PROFESSOR DR SHAHIDA WIZARAT
I. Introduction
It is my great pleasure to be addressing the international conference on Business Strategy and Social Sciences organised by the Asian Economic and Social Society (AESS), here in this great city Kuala Lumpur. I would like to thank the AESS, particularly its President Qazi Adnan Hye for inviting me to deliver the keynote address and for his hospitality here in Malaysia. We feel so proud to see how developed Malaysia is, and has reached where many countries could not, due to their own follies or the machinations of world powers, or both.

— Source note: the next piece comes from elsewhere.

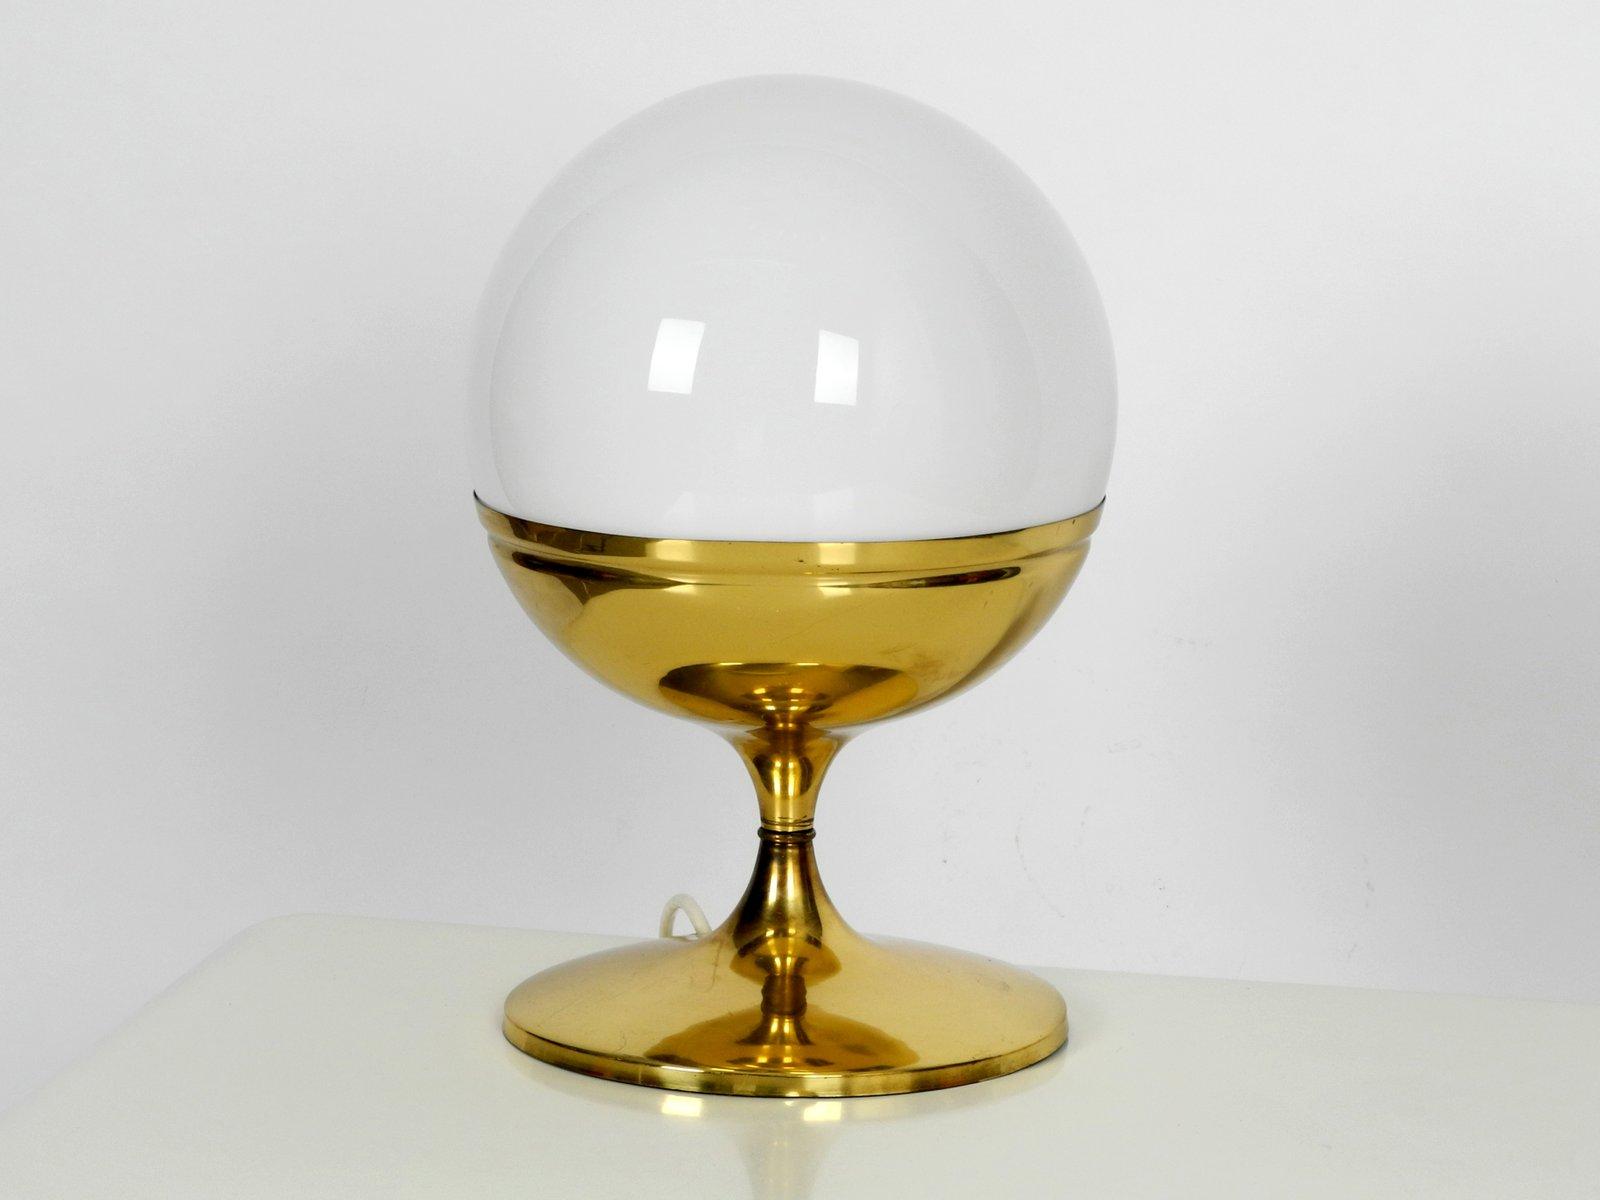 Große Tulip Space Age Tischlampe aus Messing mit Glaskugel, 1960er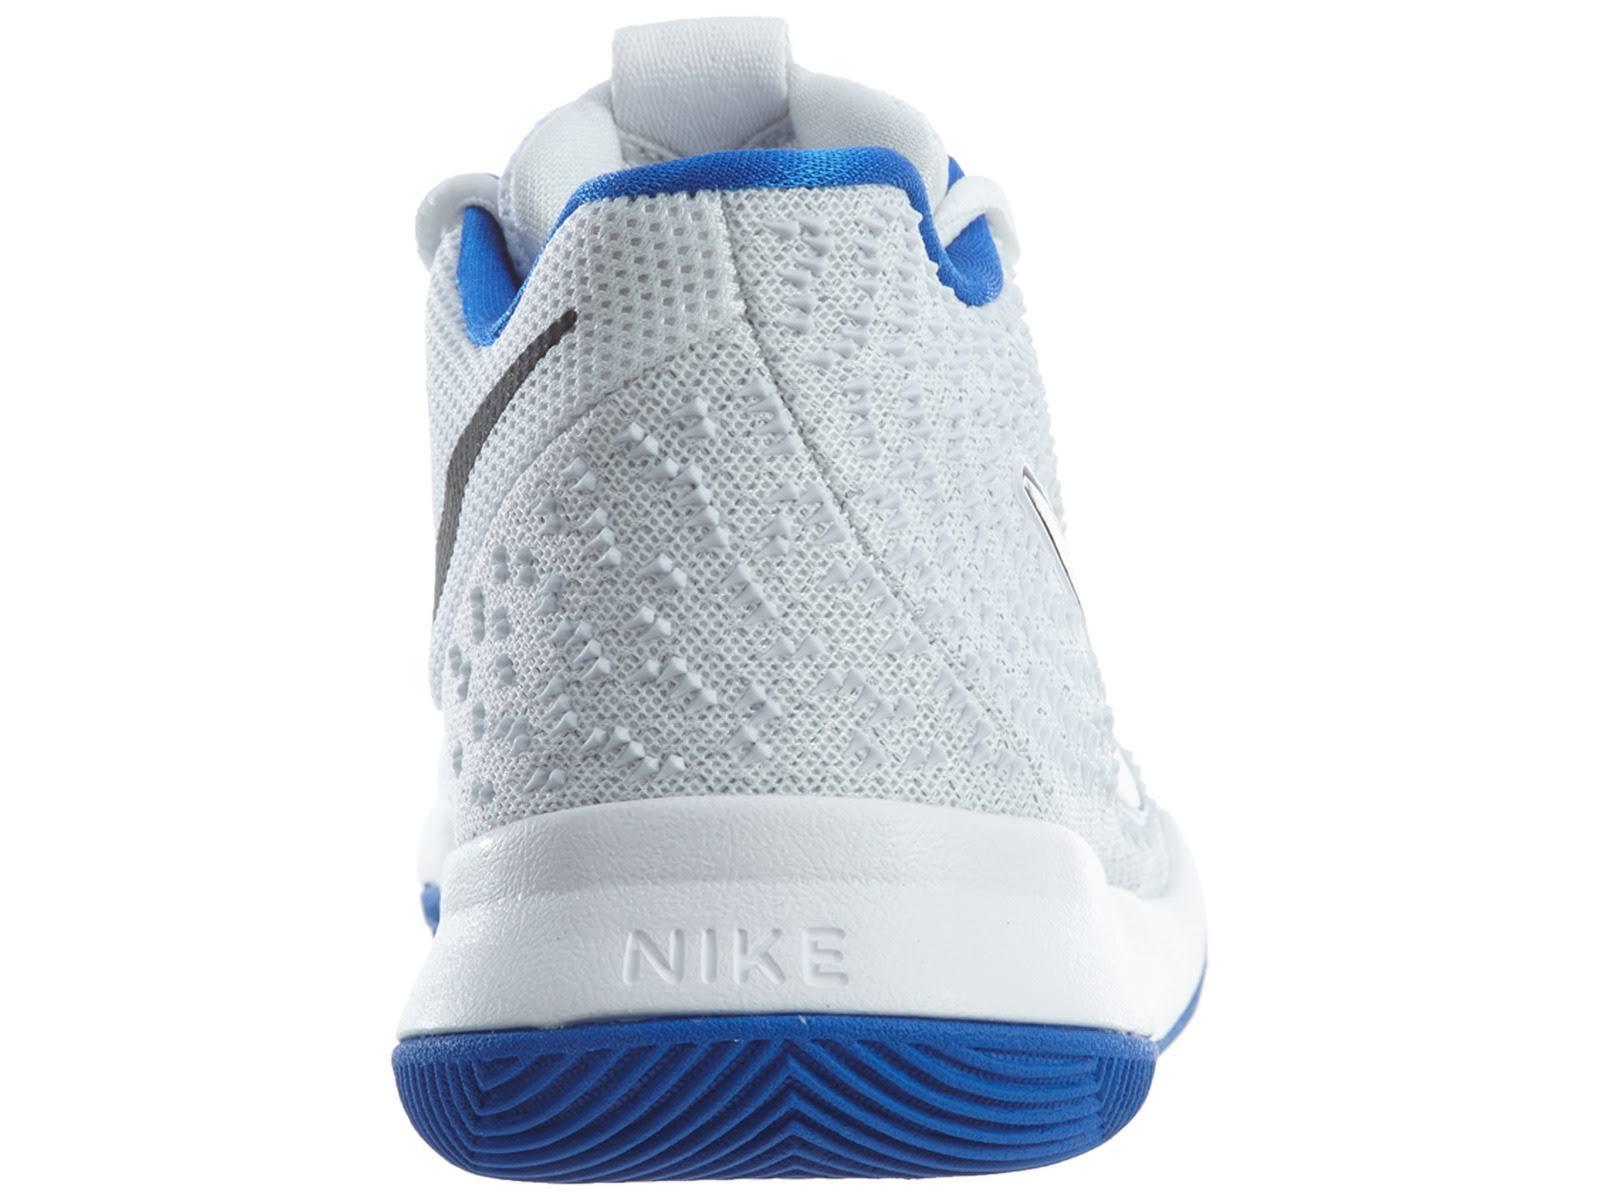 Hyper 7y Kyrie Size Gs black White White Cobalt Youth 3 Nike fAqFxOx

Today I am going to deliberate upon the growing thrust of challenges faced by the Less Developed Countries (LDCs) emanating from globalisation and the militarisation that has engulfed the world post 9/11. I will try to draw your attention to the threats these challenges are posing to our countries and how we can face up to them both individually and collectively. What are our responsibilities as individual citizens, students, researchers, governments and regional powers. We all will have to play our roles if we want to save our countries, civilisations, established order and our future generations.
II. Challenges from Globalisation
Starting with the challenges associated with globalisation first.
While some countries have certainly benefitted from globalisation, the most spectacular example is that of China of course. China has used liberalisation very cleverly and effectively to become a global power. There are other examples such as Malaysia, Singapore and Indonesia that have brought development to their countries. Their remarkable development reflects what a difference honest and sincere leadership can make to a country.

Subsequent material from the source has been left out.